Василий Дворцов - Манефа
Что понудило этого малосильного, хворобного старичка взвалить на себя и понести такой тяготный и неприглядный крест? Почему именно Буслая выбрал он из виденных-перевиденных алкашей и бродяг, то и дело молящих и требующих на церковных папертях помощи? Искренне и не очень рыдающих о себе и клянущихся преобразиться, лишь бы их пожалели. Сейчас, немедля. А после полученной краткой передышки неизбежно вновь срывающихся в прижизненный ад, в новом падении злорадно высмеивая и хуля своих мягкодушных лабухов-жалельщиков.

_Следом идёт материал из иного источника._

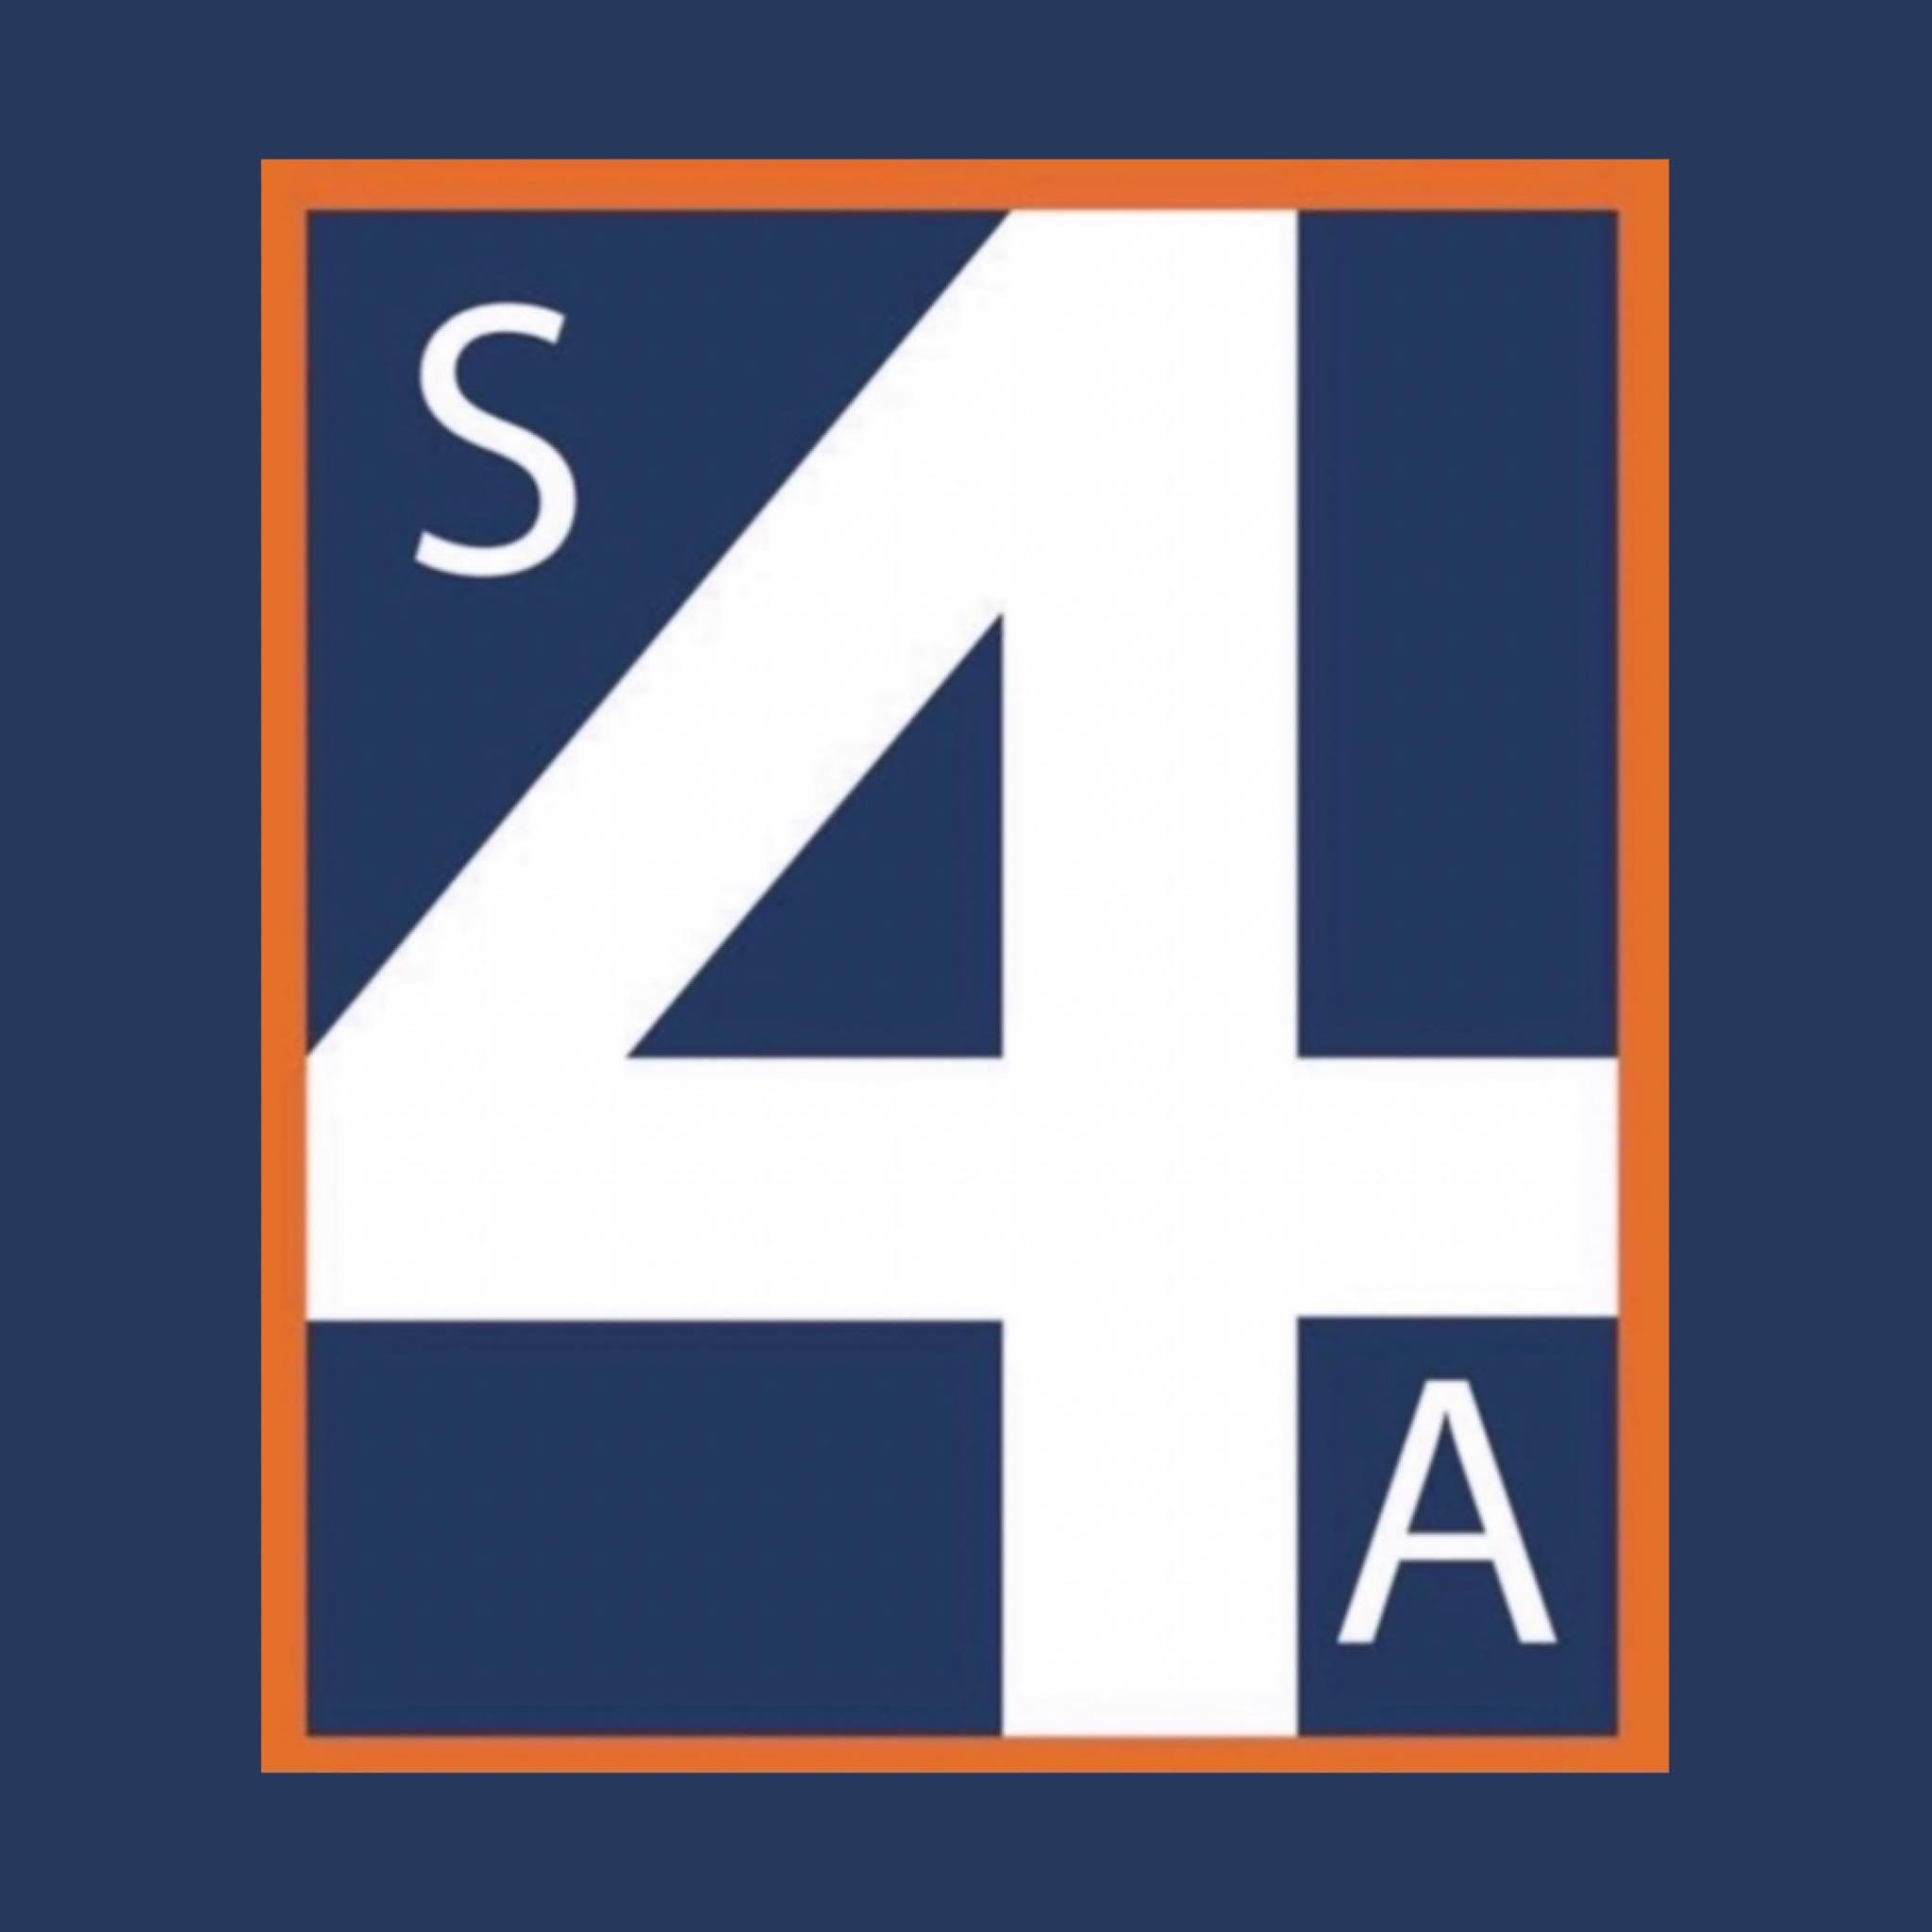 S4A Group Ltd's logo

Чем же Зотику показался именно этот? То осталось тайной сердца монаха.
Буслай, уловив свою безнаказанность, по протрезвлению винился теперь нетрудно, даже вызывающе: да, мол, падаю, грязнюсь, но потому как больной, одержимый. Жизнь подломила, судьбина подсекла, и демоны одолевают. А православные должны прощать, обязаны — так Бог заповедал! Отлежавшись, правда, впрягался в работу по-полной, подхлёстывая себя чефиром, крутился и тянул, не ведая ни отдыха, ни продыха. Как раз в храме капитально меняли трубы отопления и канализацию, и его взрывная физическая мощь была весьма к месту.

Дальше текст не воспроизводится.